I hope Microsoft has learned lessons from how difficult it has been to get people to stop using IE6. Mainly, they need to make it easier to upgrade IE.
IE needs to be a standalone application that can be upgraded easily without the risk of breaking everything.
They need to learn a lesson about wantonly pushing proprietary technology when perfectly fine standardized solutions already exist. I suspect they haven't learned anything though.
I was going to write something about hoping those developers choke on a bucket of something but decided better of it. ;-) I'm a little pissed after years of fighting with web sites that require Internet Explorer because the developers were retards and used some proprietary MSIE shit.
>They need to learn a lesson about wantonly pushing proprietary technology when perfectly fine standardized solutions already exist.
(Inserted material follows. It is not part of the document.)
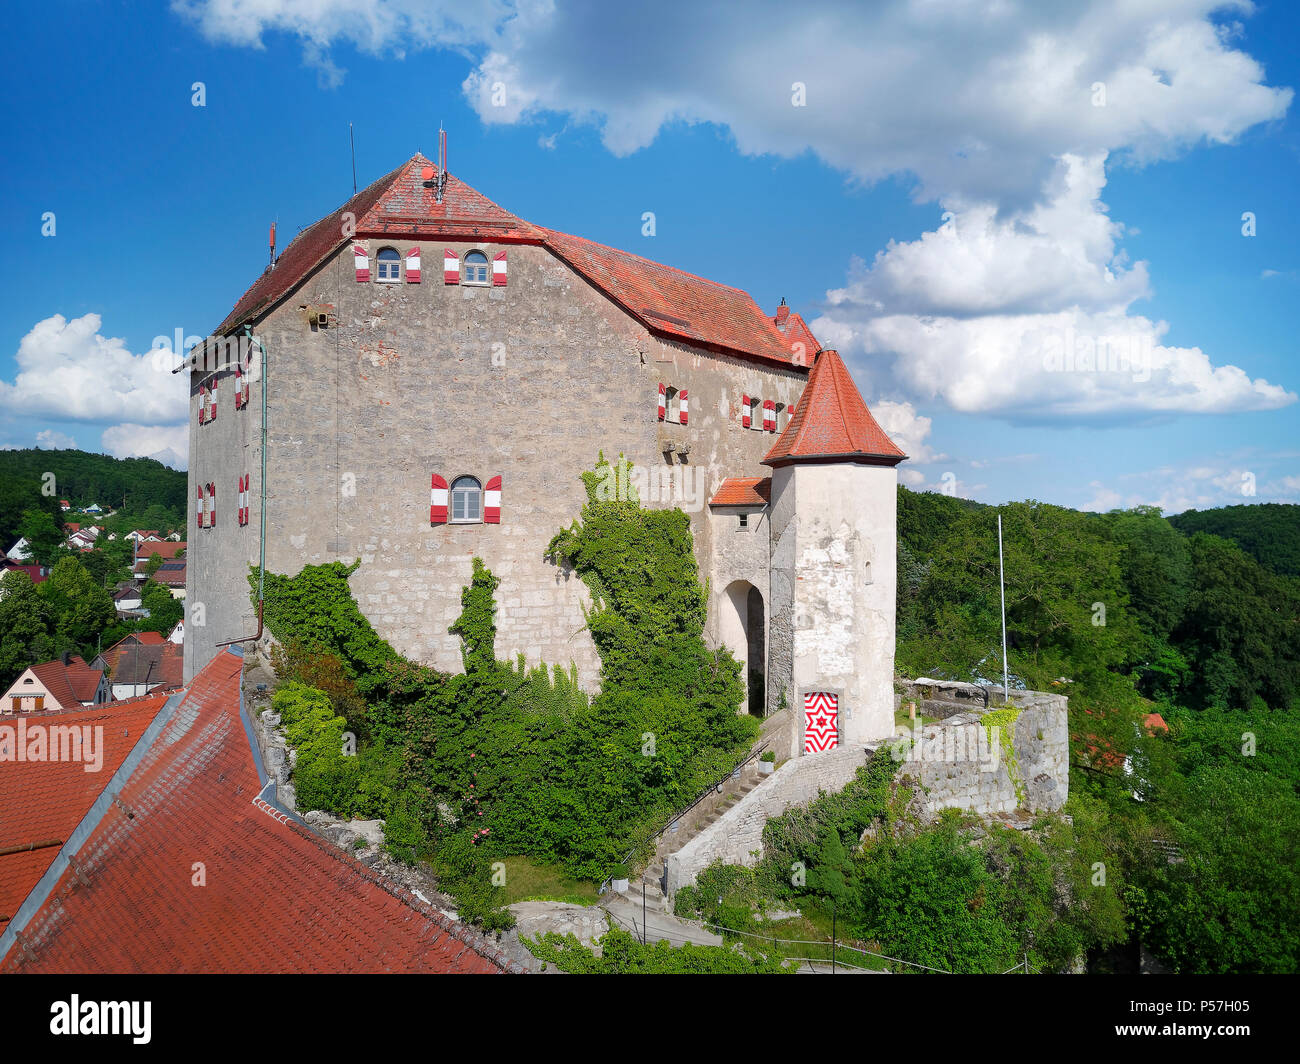 Burg Hiltpoltstein, fränkische Switzerland-Veldenstein wald natur park  Park, Oberfranken, Franken, Bayern, Deutschland Stockfotografie - Alamy

I suspect they haven't learned anything though.
I think they did learn. Keep in mind that back in IE4/5 era when most of that stuff was created, they were competing against Netscape 4.
If they did learn anything, it has been a slow process. The <canvas> tag for example, was introduced in Safari 1.3 and has been supported in Firefox since 1.5, Opera since version 9, and in all versions of Chrome. Contrast that with IE. The <canvas> tag is not supported by IE until version 9. If you want to do any cool <canvas> graphics in versions before 9, you'll have to use something like ExplorerCanvas at http://code.google.com/p/explorercanvas/, which of course mean more conditional IE comments in you HTML, and more pain for web developers.
Even non-tech savy consumers get's their browsers updated once they buy a new machine.
But enterprise on the other hand. Boy is that a different story. They will on purpose maintain IE6 for as long as they can because they simply cannot even begin to deal with the support issues when switching.
If you want to make a lot of money on a one off. Develop a method for large enterprise to switch without the headache.
IE needs to be a standalone application that can be upgraded easily without the risk of breaking everything.